HBS got the rematch it wanted, but it lost the war of attrition. With a home field advantage and a squad 30 deep, Wharton was much better rested for the final. And as the game began, the 90-degree-plus heat and three previous matches took their toll on the HBS team.
Under pressure, HBS gave up an early try to a pounding Wharton forward pack. The onslaught continued for a second try. However, HBS stood stout the rest of the half, making huge open field tackles on the Wharton back line and causing a forward pass and knock-on by the Wharton attack, which both prevented tries. At the half, the scoreline was 12-0.
As the second half began, the day began to take its toll. Cramps and injuries were the norm, and HBS was down to 13 men standing tall (two players short of a full 15).

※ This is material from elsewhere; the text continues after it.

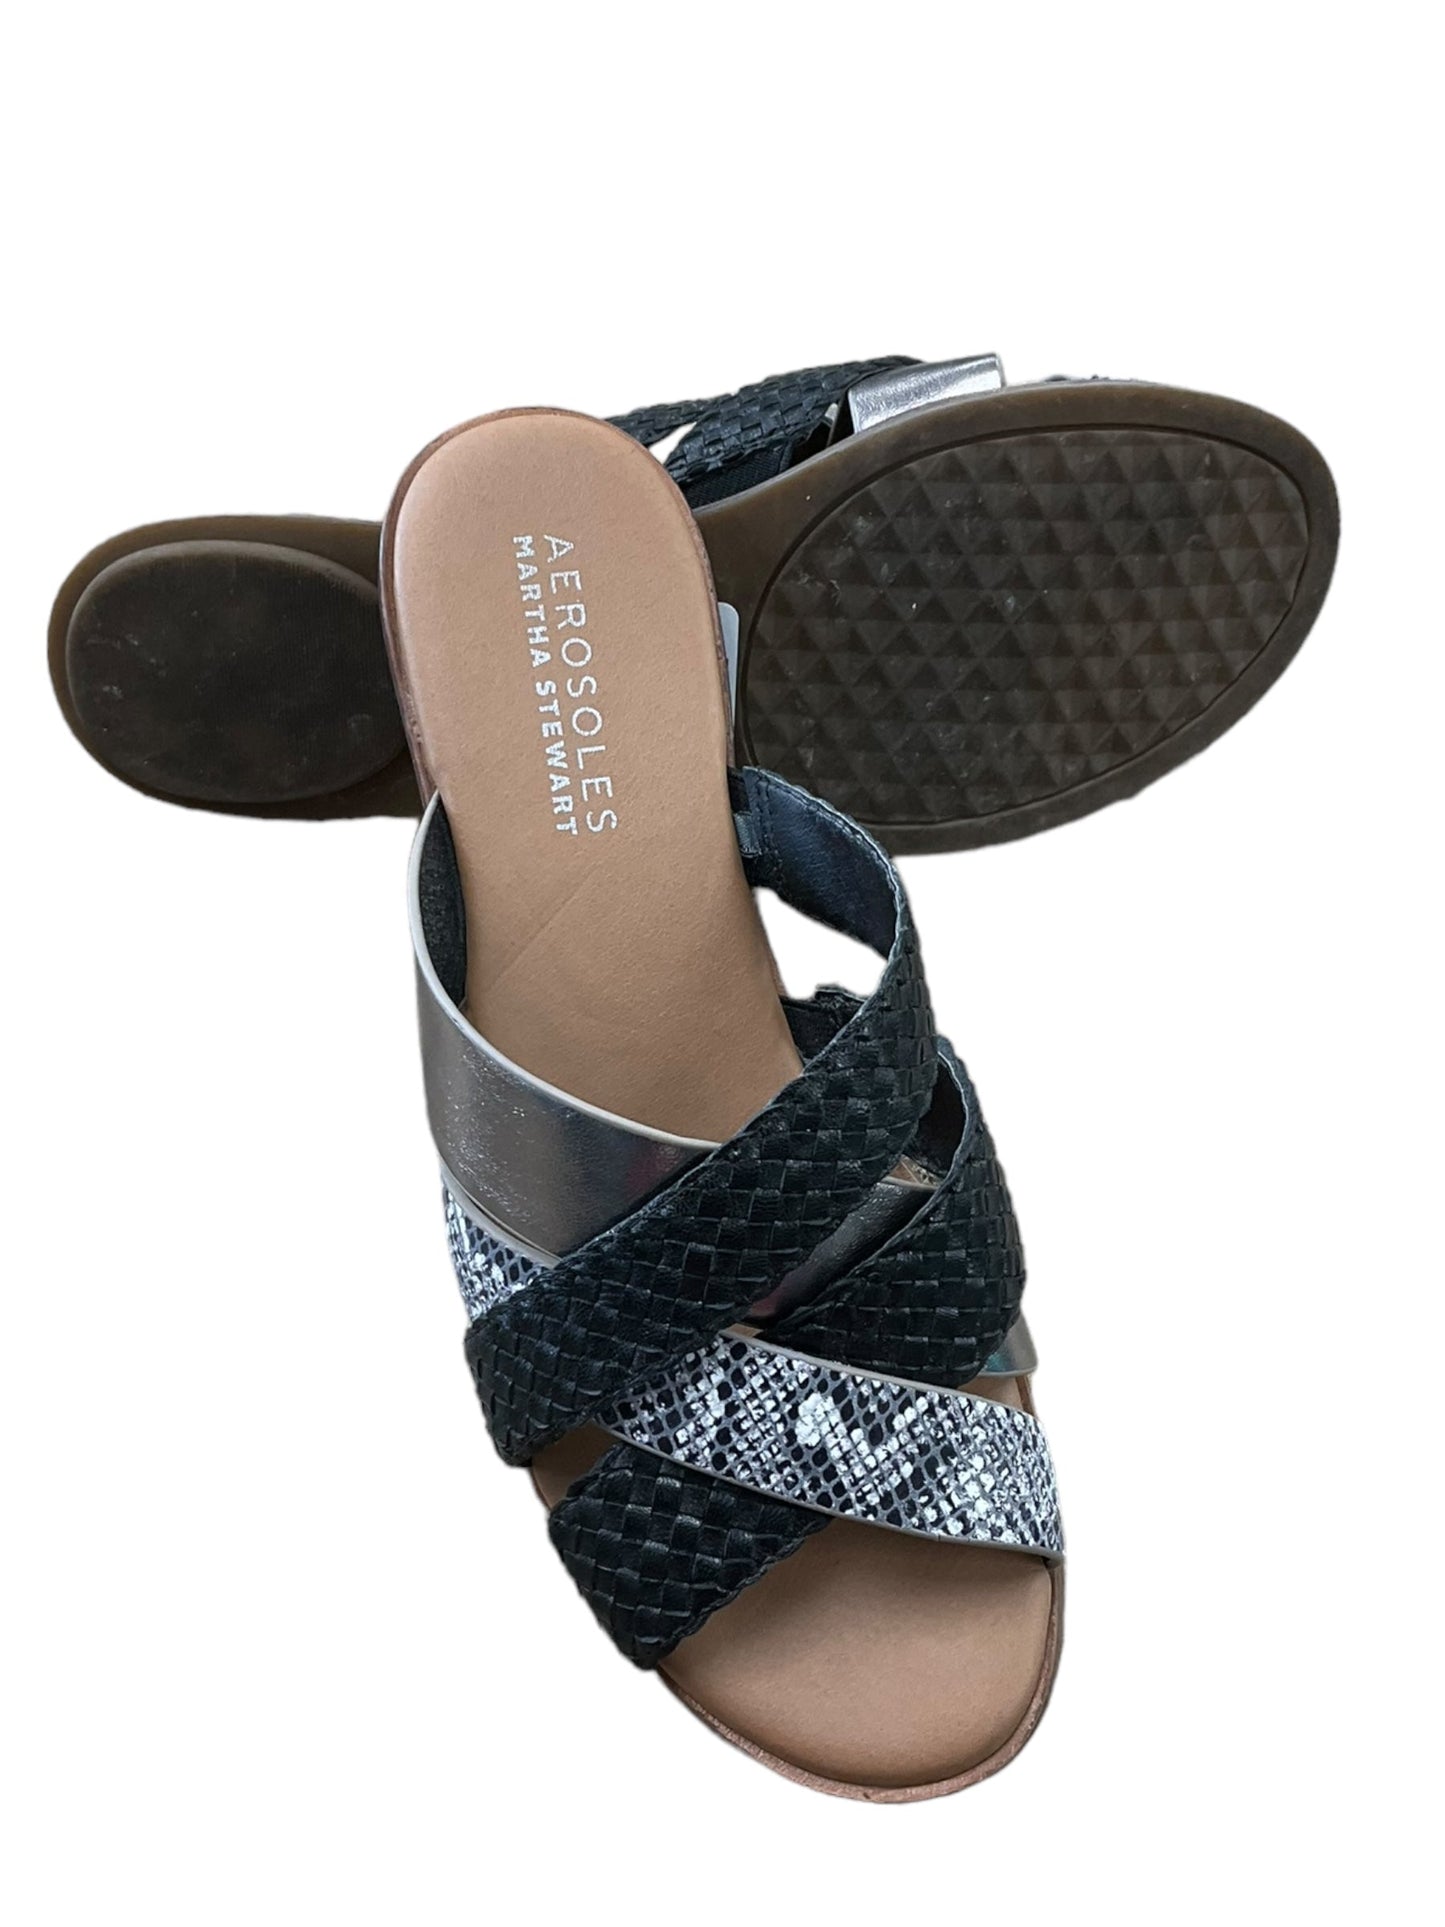 Animal Print Sandals Flats Aerosoles, Size 6.5

Despite having two men missing due to cramp and down three tries, HBS didn’t give in. Second-year wing Thomas “Total Pain” Payne was an absolute tackling monster, putting his signature double leg takedown on Wharton players all over the field and winning back the ball. His heavy work rate was eventually rewarded with a try right between the posts.
HBS continued on the front foot for the rest of the match, attacking deep in Wharton’s half. A knock-on by the backs spinning the ball wide inside the Wharton 22 prevented a second try at the death, and it was all over, 19-7.
Taking inspiration from Old Boy Liam Patrick’s 2006 team, HBS dressed out in traditional blazers and ties paired with optional pants for the post-match. A few of the players were even lucky enough to find “alternative” accommodation and avoid a night in the “trap house.”
Jack Gannon (MBA ’20), is Co-President of the Rugby Club. Jack’s failure to get into the Naval Academy golf team was the start of his illustrious rugby career. Having spent the last three years underwater in a metal tube, he’s enjoying re-socializing himself into society at business school.
Chris Hartnoll (MBA ’20), is Co-President of the Rugby Club. Despite his coming from the country that invented English, his teammates struggle to understand him most of the time. A (confused) native Singaporean, he helps define the culture of the club: things like political correctness, gentlemanly behaviour, and copious use of the salutation “mate.”